For anatomical analyses small segments of pine needles were pre-fixed with 3% glutaraldehyde in 0.1 mol [L.sup.-1] phosphate buffer, pH = 7.3, and fixed in 1% solution of OsO4 (Bozzola & Russell, 1992; Ruzin, 1999). After dehydration in graded series of ethanol and xylol the specimens were embedded in paraffin. Cross-sections of needles, 10-15 [micro]m in thickness, were cut on a microtome and mounted on glass. After removing paraffin, the slices were stained with 5% safranin O and Fast Green FCF (Fluka, USA).

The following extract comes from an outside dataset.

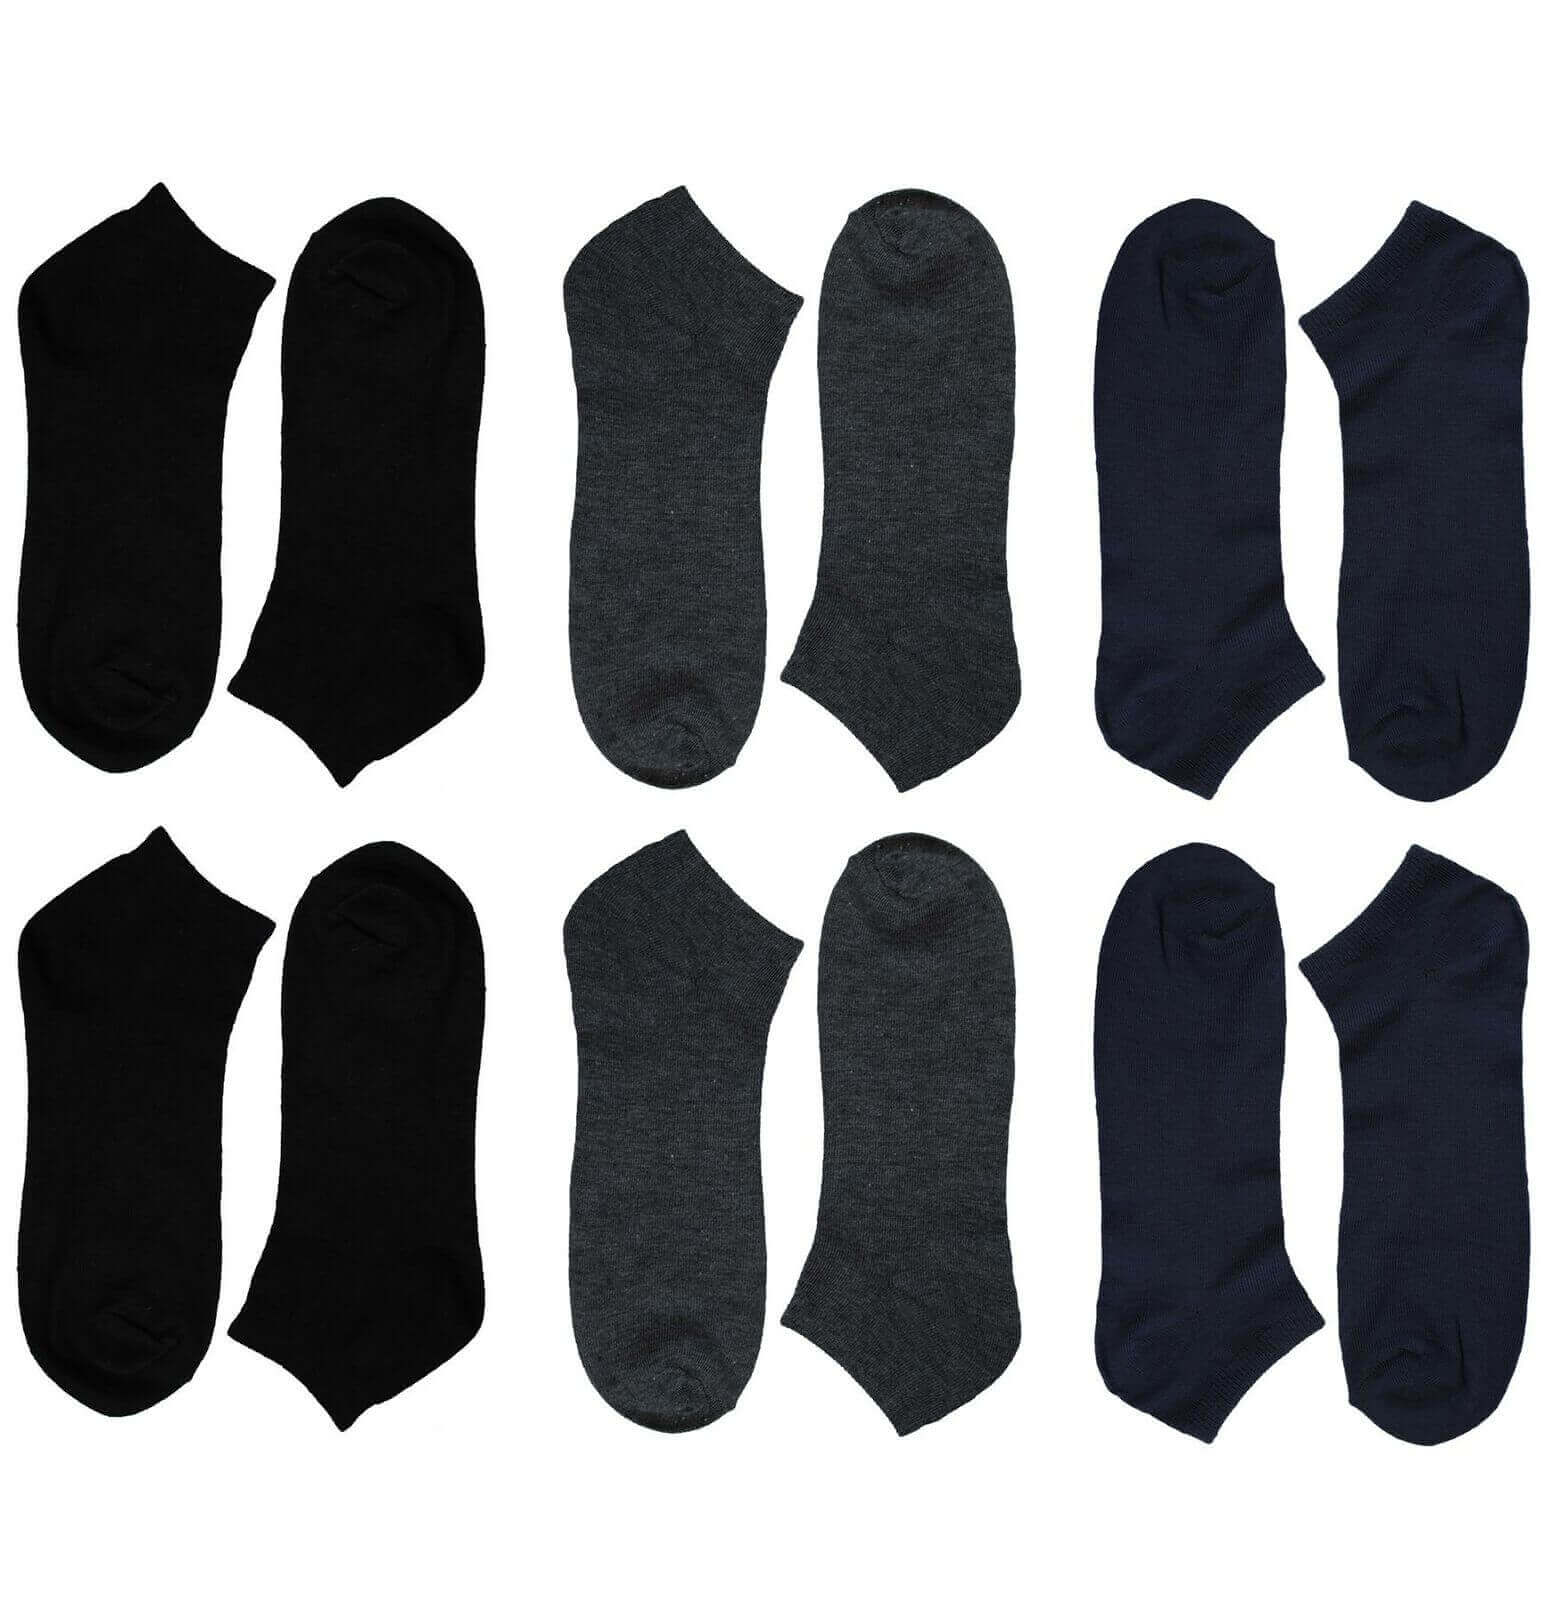 12 Pairs Of Men's Trainer Socks Summer Sport Ankle Trainer Socks, White & Black. Buy now for £7.00. A Socks by Sock Stack. 6-11, assorted, athletics, black, boot, boys socks, breathable, comfortable, cosy, cotton, footwear, gym, half, home, low cut, mens,

The cross-sections, the needle width and thickness, and separately the areas of epidermis, mesophyll, xylem, phloem, and sclerenchyma were examined under microscope (Micros MC400A) at x 100 magnification and photographed with a Nikon Coolpix 5400 digital camera. Measurements of the anatomical characteristics were made with MapInfo Professional for Windows 4.0 (MapInfo Corp. Inc., Troy, NY) and UTHSCSA ImageTool for Windows Version 3.0 (The University of Texas, Health Science Center, USA).

Statistical tests

Linear regression analysis and regression coefficient ([R.sup.2]) at statistical significance p < 0.05 were used to estimate the statistical significance of the relationship between biochemical composition of trees and anatomical characteristics and between mineral elements and the pH of soil from different sample plots. Pearson correlation analysis (r, p < 0.05) was applied for the determination of relations between the needle parameters. Analysis of variance was used to test the equality of group (distances from the plant, km) means and multiple comparisons were performed with ANOVA with F and p-values indicated. The differences between mean mineral element concentrations in soil and parameters of trees from the unpolluted control sample plot were investigated by pairwise t-test at statistical significance p < 0.05. For statistical calculations the Statistica 7.0 software and MS Excel were used.

RESULTS

Soil characteristics

The impact of cement dust upon soil was quite evident in polluted areas. Although the dust emission from the plant has practically stopped, the concentrations of Ca, Mg, Fe, Mn, and K in soil are continuously high. Moreover, significant differences were observed in the concentrations of Ca, K, and Mg between sample plots (Table 2). The pH value of soils in the polluted areas was over 7, which was 3 to 4 units higher than in the unpolluted sample plot. The differences between the soil pH of sample plots were statistically significant (Table 2). Correlations were revealed between the distance (km) from the cement plant and mineral elements in soil, except for P. Differences from the control were especially high on sample plot 2 km E from the plant. At high pH values of soil N concentrations decreased sharply and thus N deficiency may be a serious growth-limiting factor for trees in the alkalized area. Linear regression analyses revealed significant statistical relationships between the pH and Ca ([R.sup.2] = 0.688), K ([R.sup.2] = 0.544), P ([R.sup.2] = 0.511), and N ([R.sup.2] = 0.654) concentrations in sample plots. The concentration of OM in soil depended on the pH in all sample plots, being 2.6-6.9 times lower than control (Table 2).

Tree nutrition

The concentration of N in the Scots pine needles from the polluted areas was on average 10% lower than control, but that of Fe was 30%, of Ca 28%, of K 19%, and of Mg 16% higher than control while P and C did not differ from control. Although the C/N ratio in polluted soil was smaller than control, in the needles it tended to increase (Table 3).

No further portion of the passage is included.